The security policy document should also include VPN management responsibilities:

  • Who administers and enforces the VPN and security systems?

  • Who performs RA activities?

  • Who administers the desktop systems for the users?

    This is important because systems should be consistent for all users across all platforms, including drivers, plug-ins, DLLs, application programs, and any NOS client components.

    Desktop systems are also points of vulnerability and should have up-to-date virus protection installed. Rogue software that could support a security breach needs to be accounted for, and auto-answer modems should be disabled because they allow an intruder with a “wardialer” to penetrate the VPN by “piggybacking” off the machine of a legitimate user.

Summary

This chapter discussed remote access options and alternatives, including traditional remote access and Virtual Private Network (VPN) architectures.

Remote access is defined as providing access to fixed site resources to those users who are not at a fixed workstation at that location's local-area network (LAN).
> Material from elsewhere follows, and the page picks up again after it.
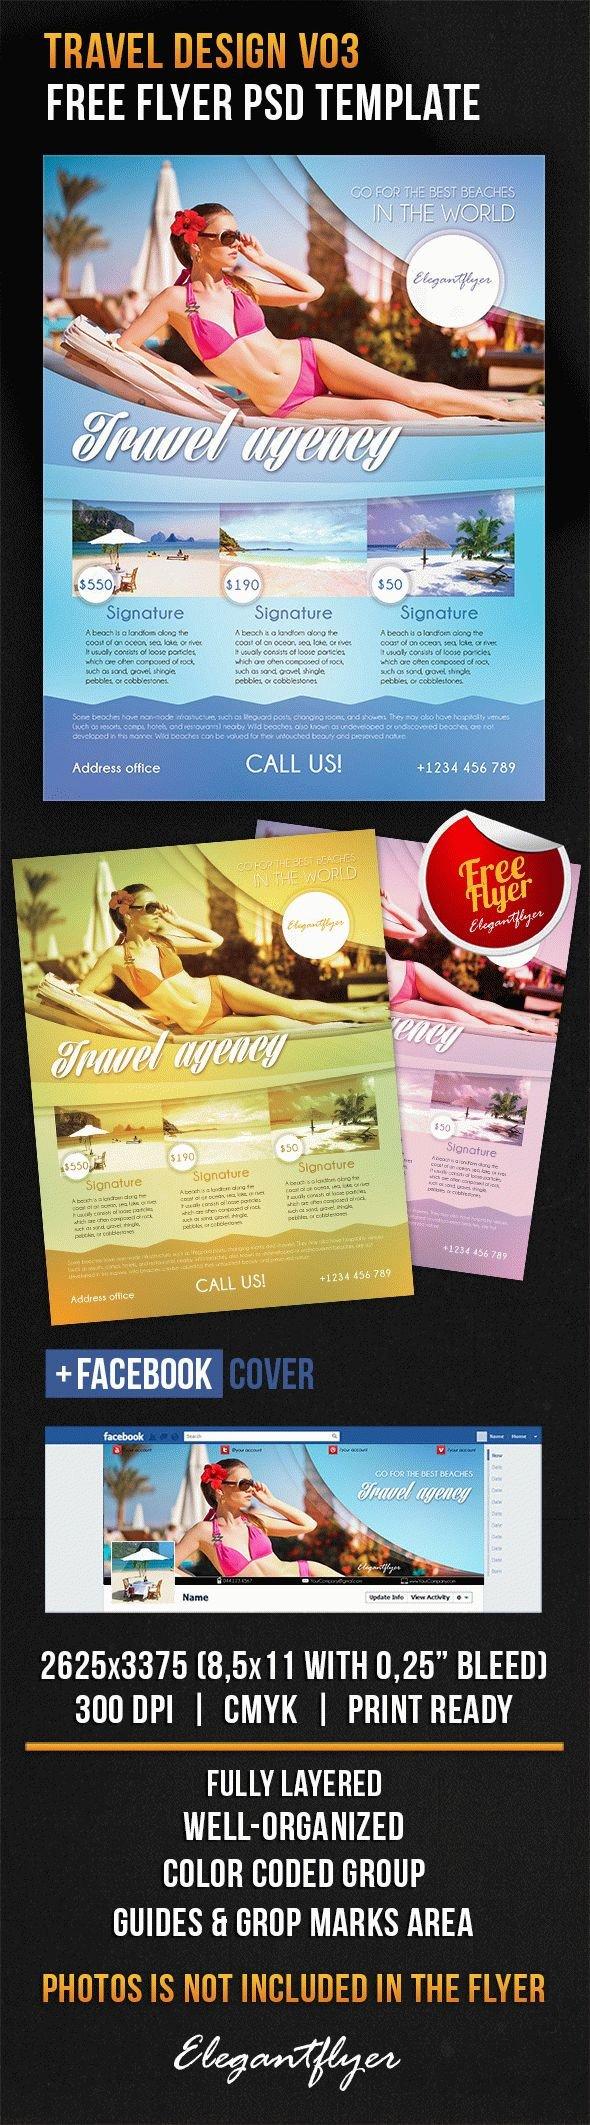 Travel Flyer Template Free Travel Design V03 – Free Flyer Psd Template – by Elegantflyer

A cost-effective and secure alternative to traditional remote access is VPN. With VPNs, all phone calls that access corporate networks are local calls tunneled from the remote site to a local Internet service provider (ISP), over the Internet, and to the corporate VPN gateway.
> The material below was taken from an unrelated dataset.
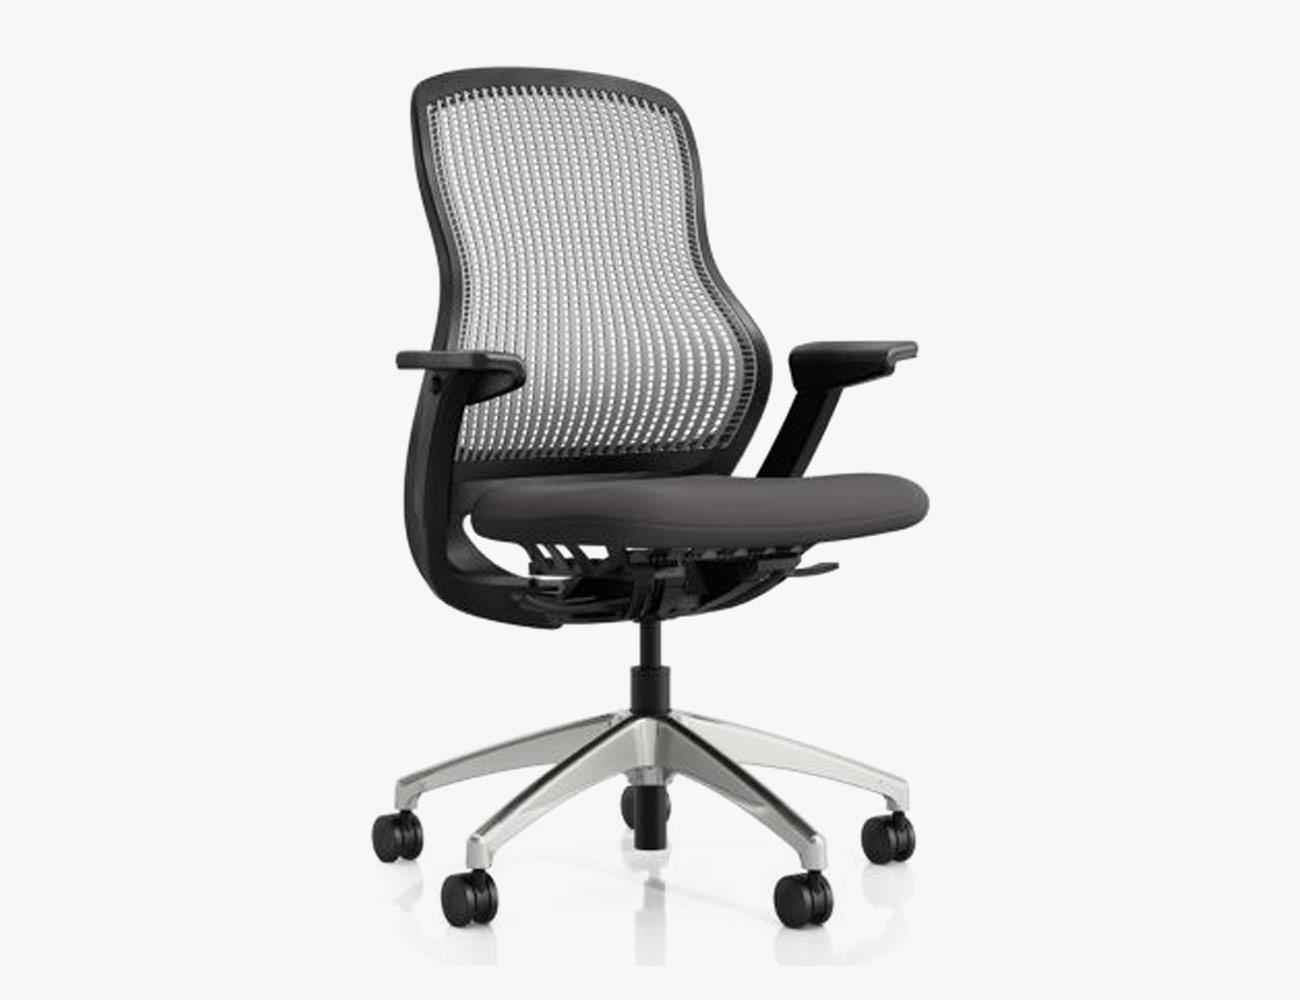 Best All-Around Office Chair: Knoll ReGeneration

VPN has three major components:

  • LAN-to-LAN VPN is the next common VPN configuration. The LAN-to-LAN VPN is closely tied to the IPSec standard. Whereas the remote dial-up user VPN uses protocols such as PPTP, L2F, and L2TP, IPSec concentrates on LAN-to-LAN.

  • Authentication is the process of positively identifying the entity (user, router, network device) that requires access. This authentication is usually done by means of a cryptographic function.

  • Encryption is an extra precautionary measure that protects the data through the tunnel. Data is encrypted before it is encapsulated to reduce the risk that someone might tamper with it if the tunnel is breached.